## What is required
Copy out precisely the lines of the material that follows, beginning with the line containing "Impresora láser monocromática Sindoh A413" and ending with its last line; exclude pictures.

:: Collected data

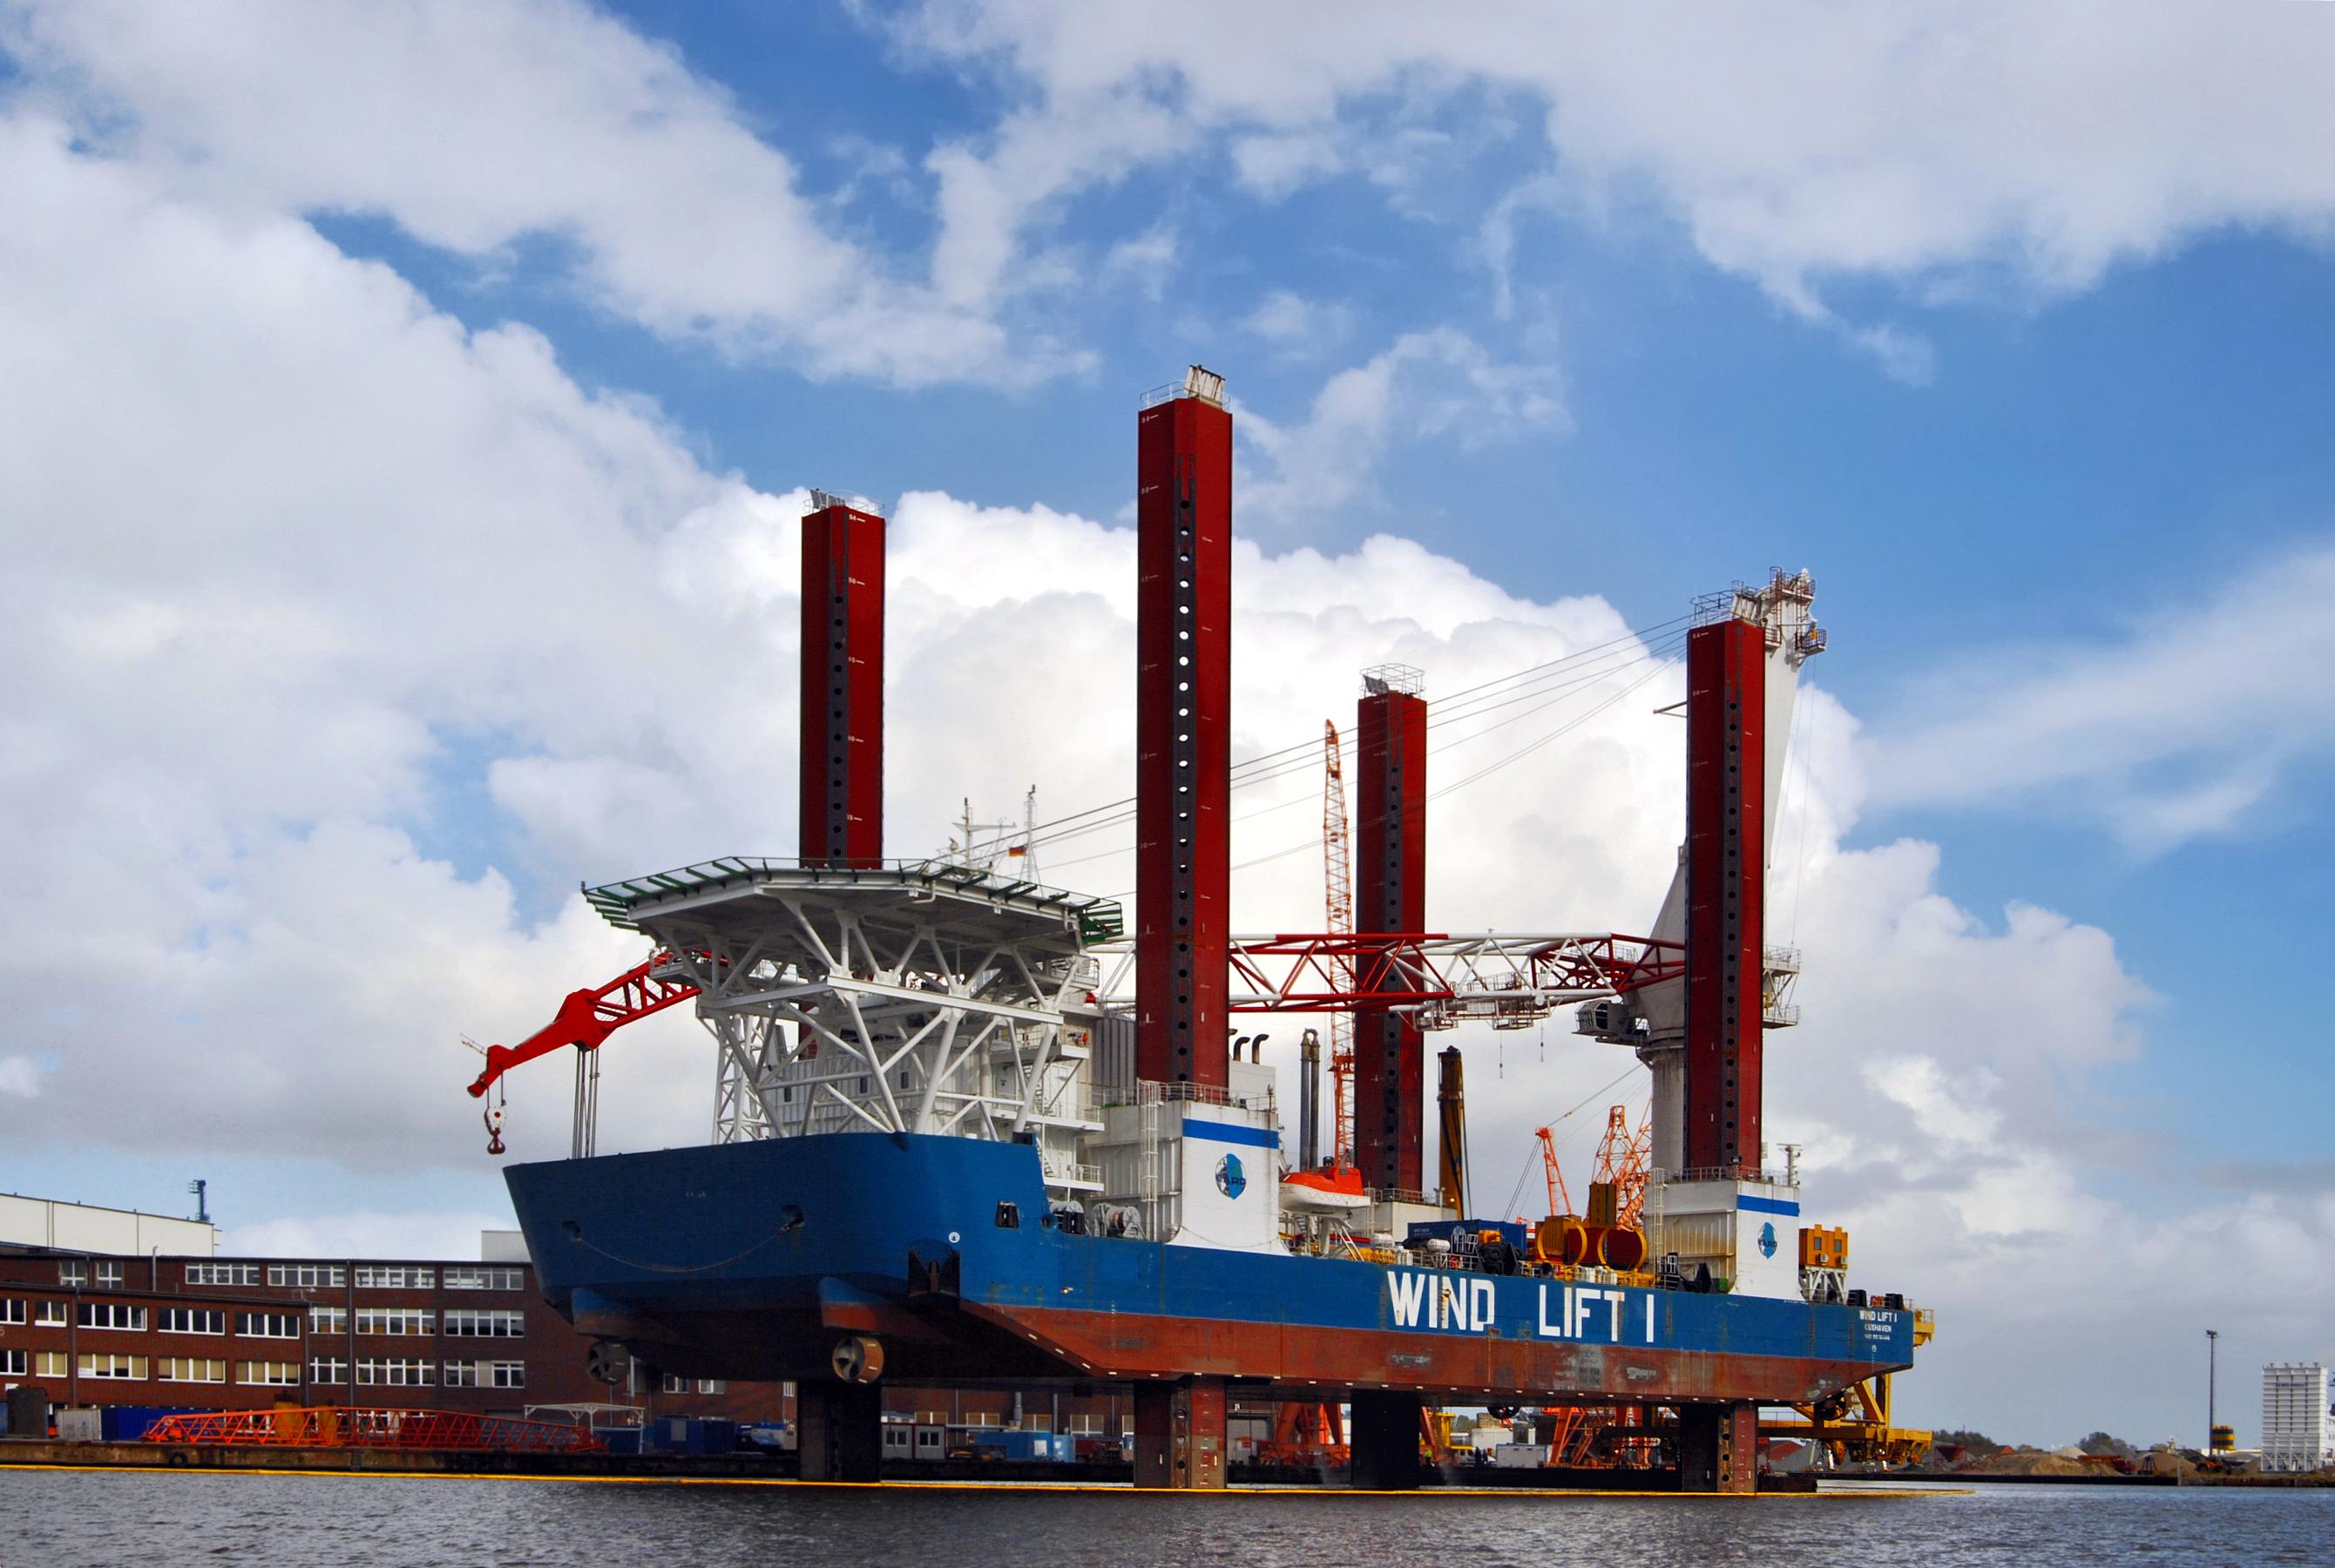 Crane vessel - Wikipedia
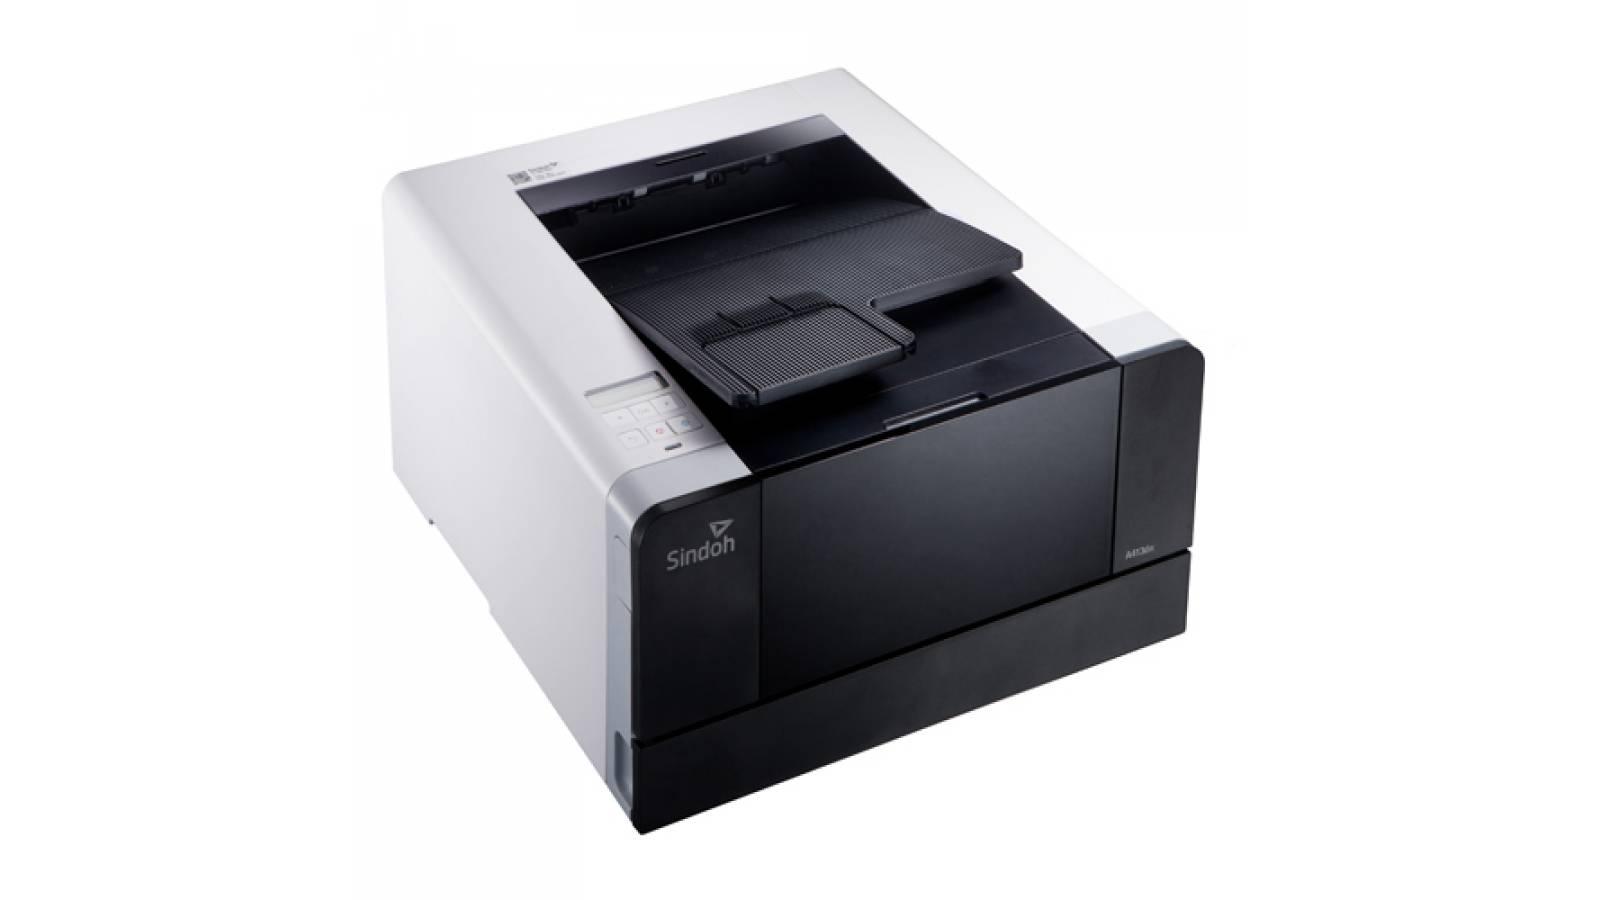 Impresora láser monocromática Sindoh A413
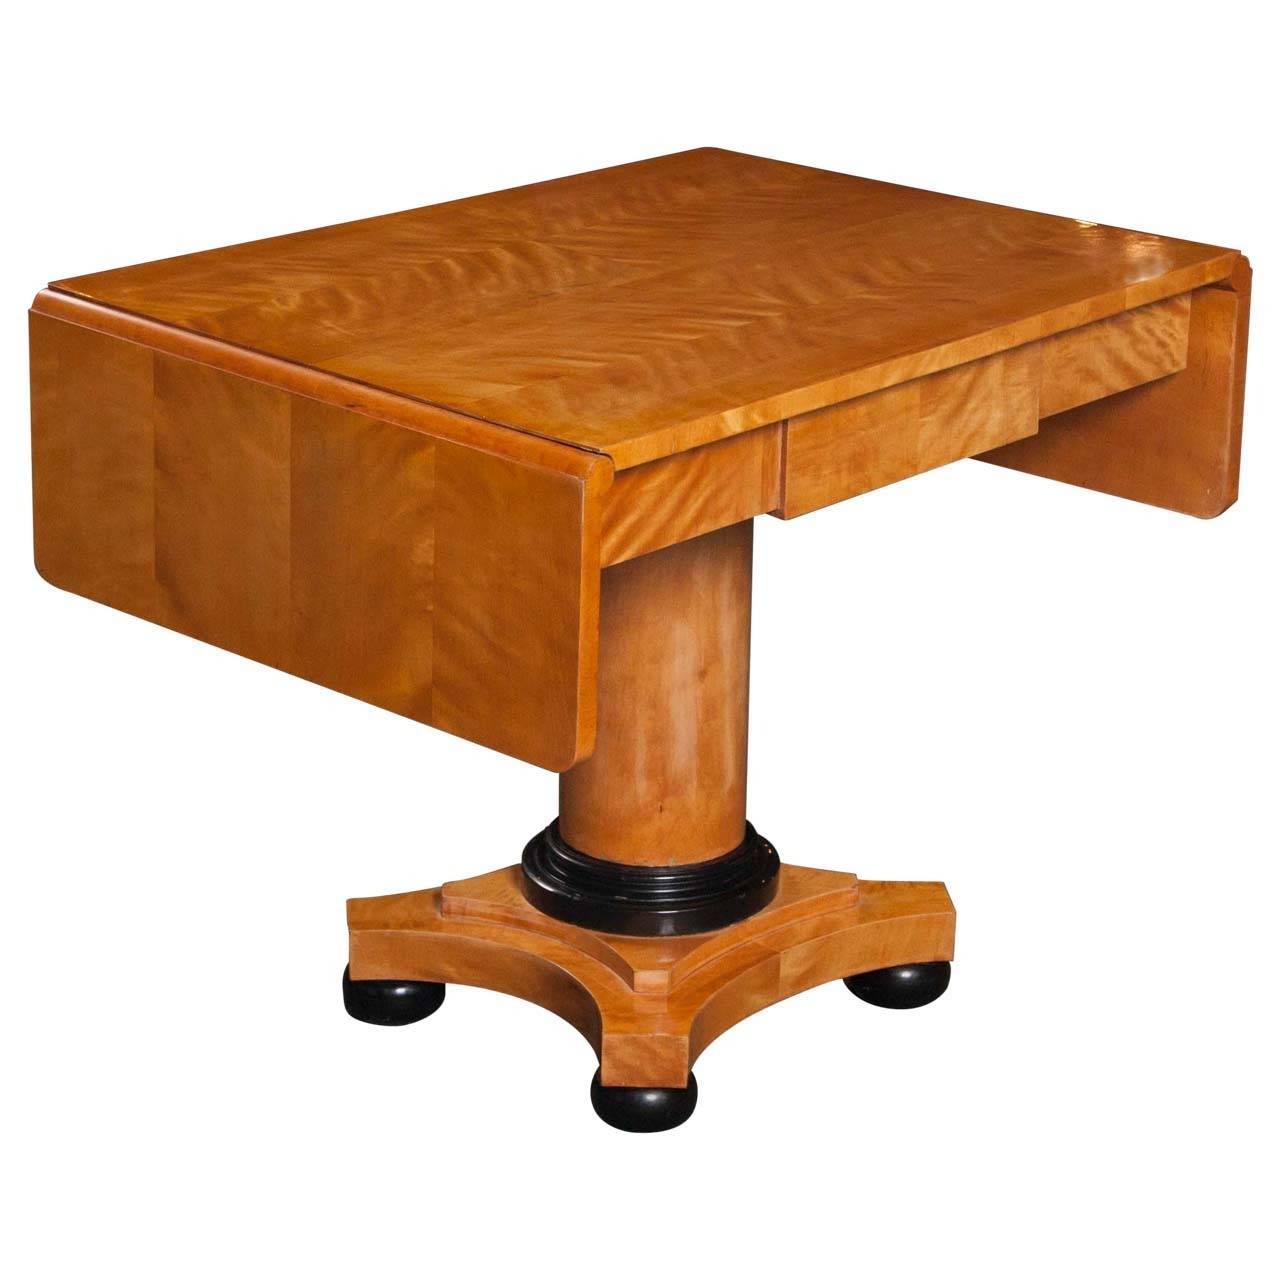 Sofa tables for sale sofa table for sale jinanhongyu for Sofa table sale
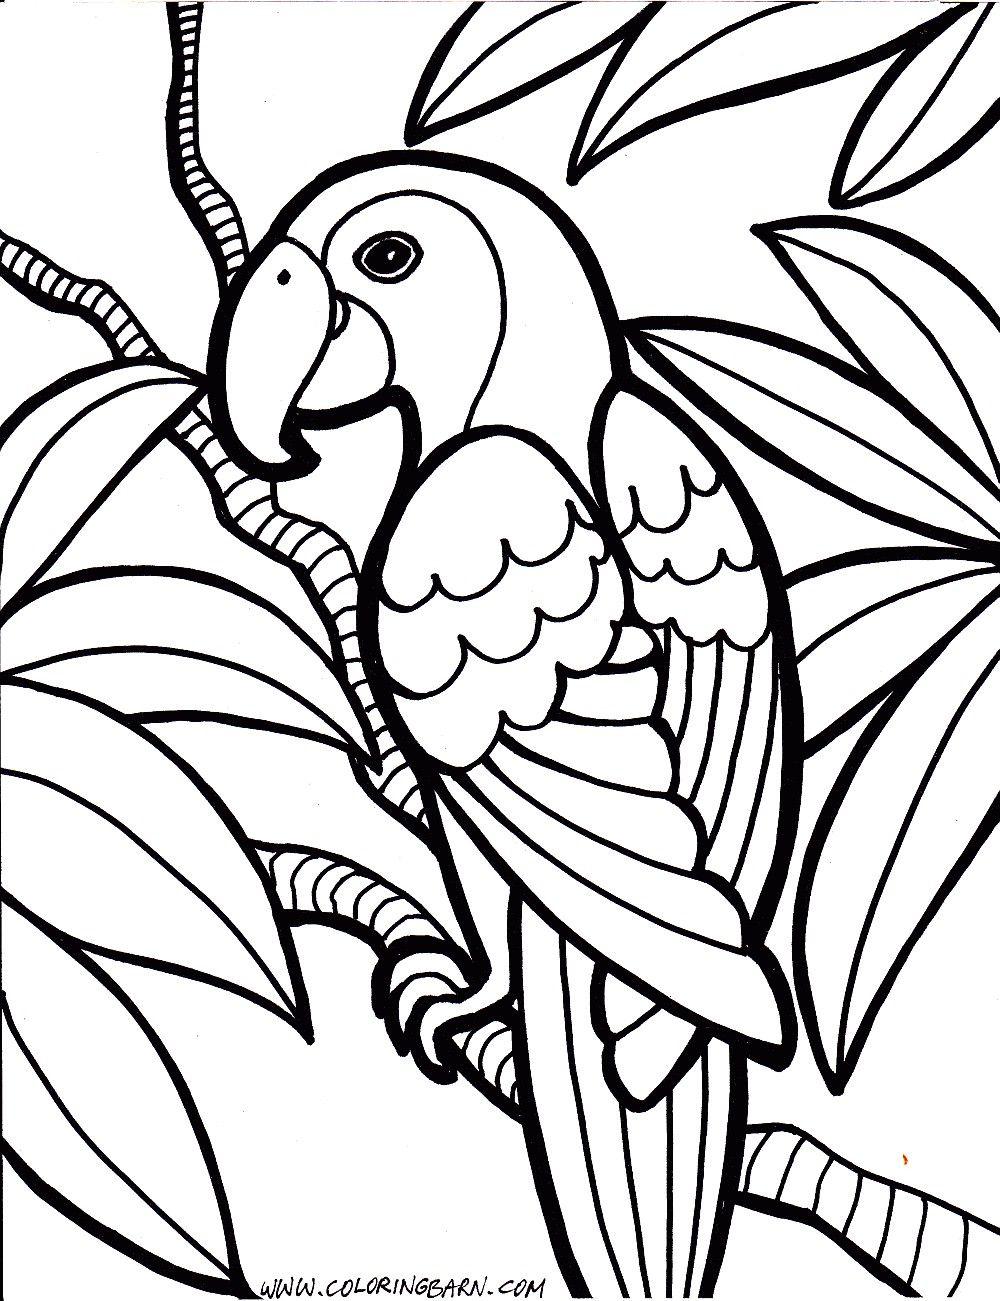 Bird Coloring Pages Bird Coloring Pages Telematik Institut Entitlementtrap Com Jungle Coloring Pages Bird Coloring Pages Animal Coloring Pages

::::

## Solved problem
 Impresora láser monocromática Sindoh A413
 Sofa tables for sale sofa table for sale jinanhongyu for Sofa table sale
 Bird Coloring Pages Bird Coloring Pages Telematik Institut Entitlementtrap Com Jungle Coloring Pages Bird Coloring Pages Animal Coloring Pages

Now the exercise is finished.